Set the listing down exactly; no pictures.

__DATA SECTION__
***
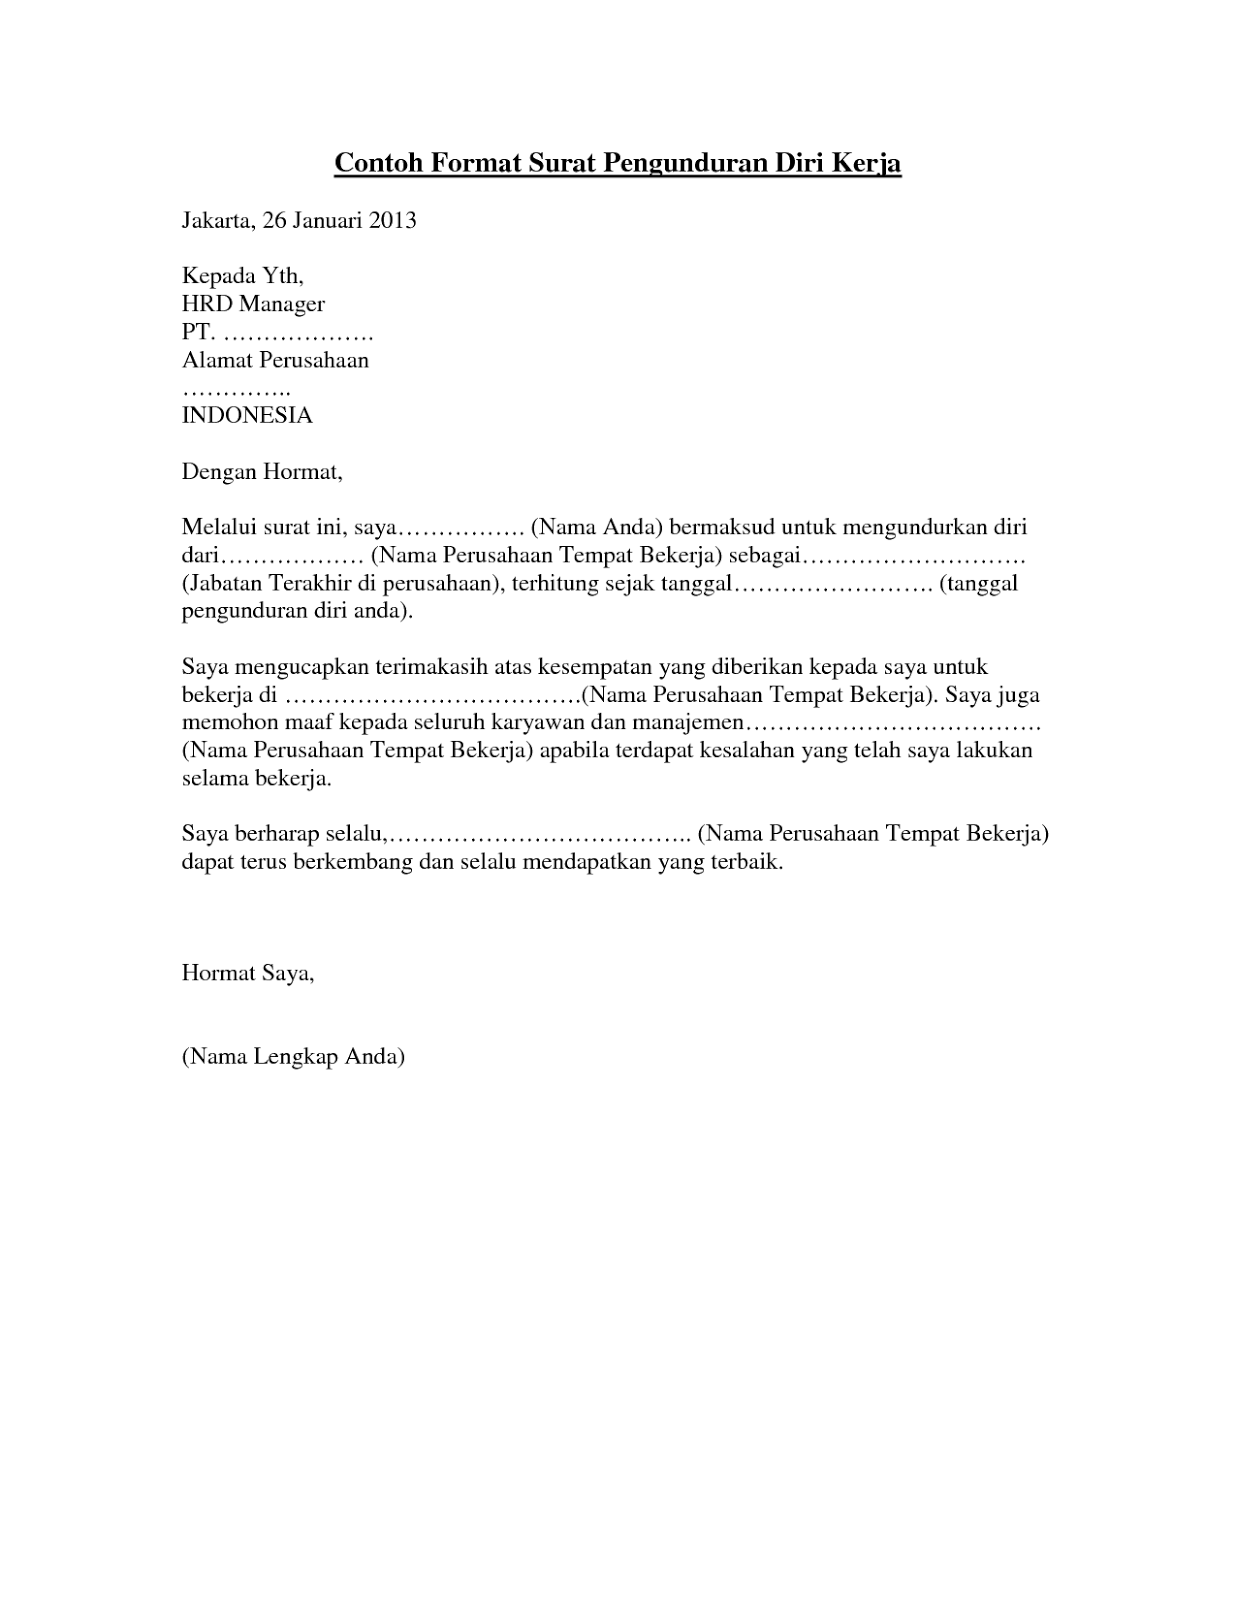 Contoh Surat Pengunduran Diri Resign Kerja Yang Baik Dan Benar
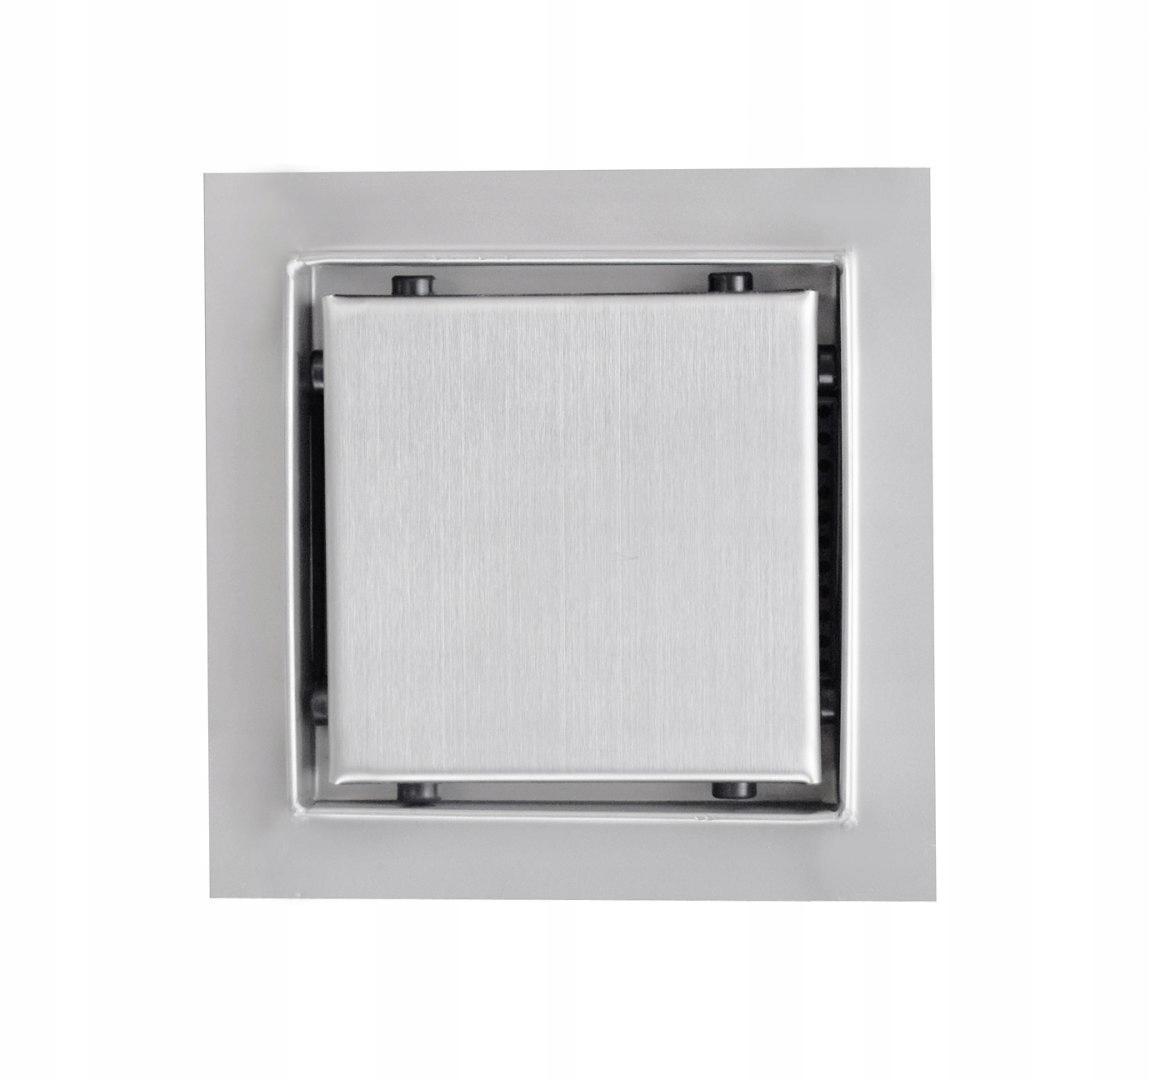 Štvorcový odtok minimalistický 15x15
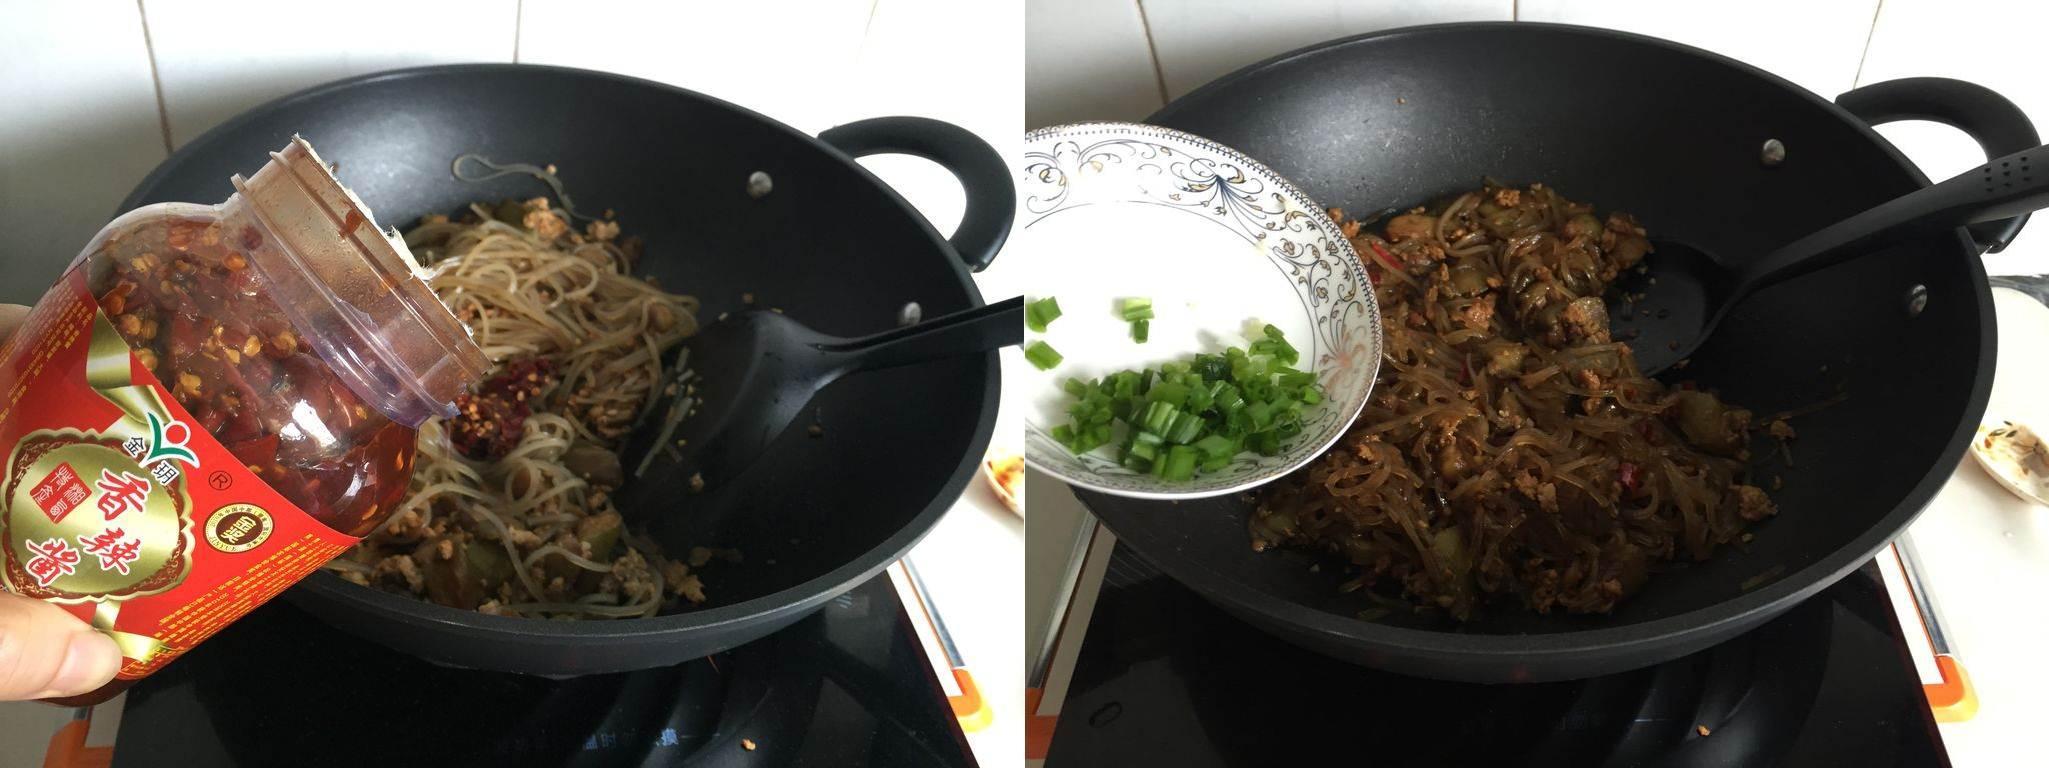 Bữa sáng thật ngon với miến xào thịt bằm giản dị-4
***
__TASK RESPONSE__
 Contoh Surat Pengunduran Diri Resign Kerja Yang Baik Dan Benar
 Štvorcový odtok minimalistický 15x15
 Bữa sáng thật ngon với miến xào thịt bằm giản dị-4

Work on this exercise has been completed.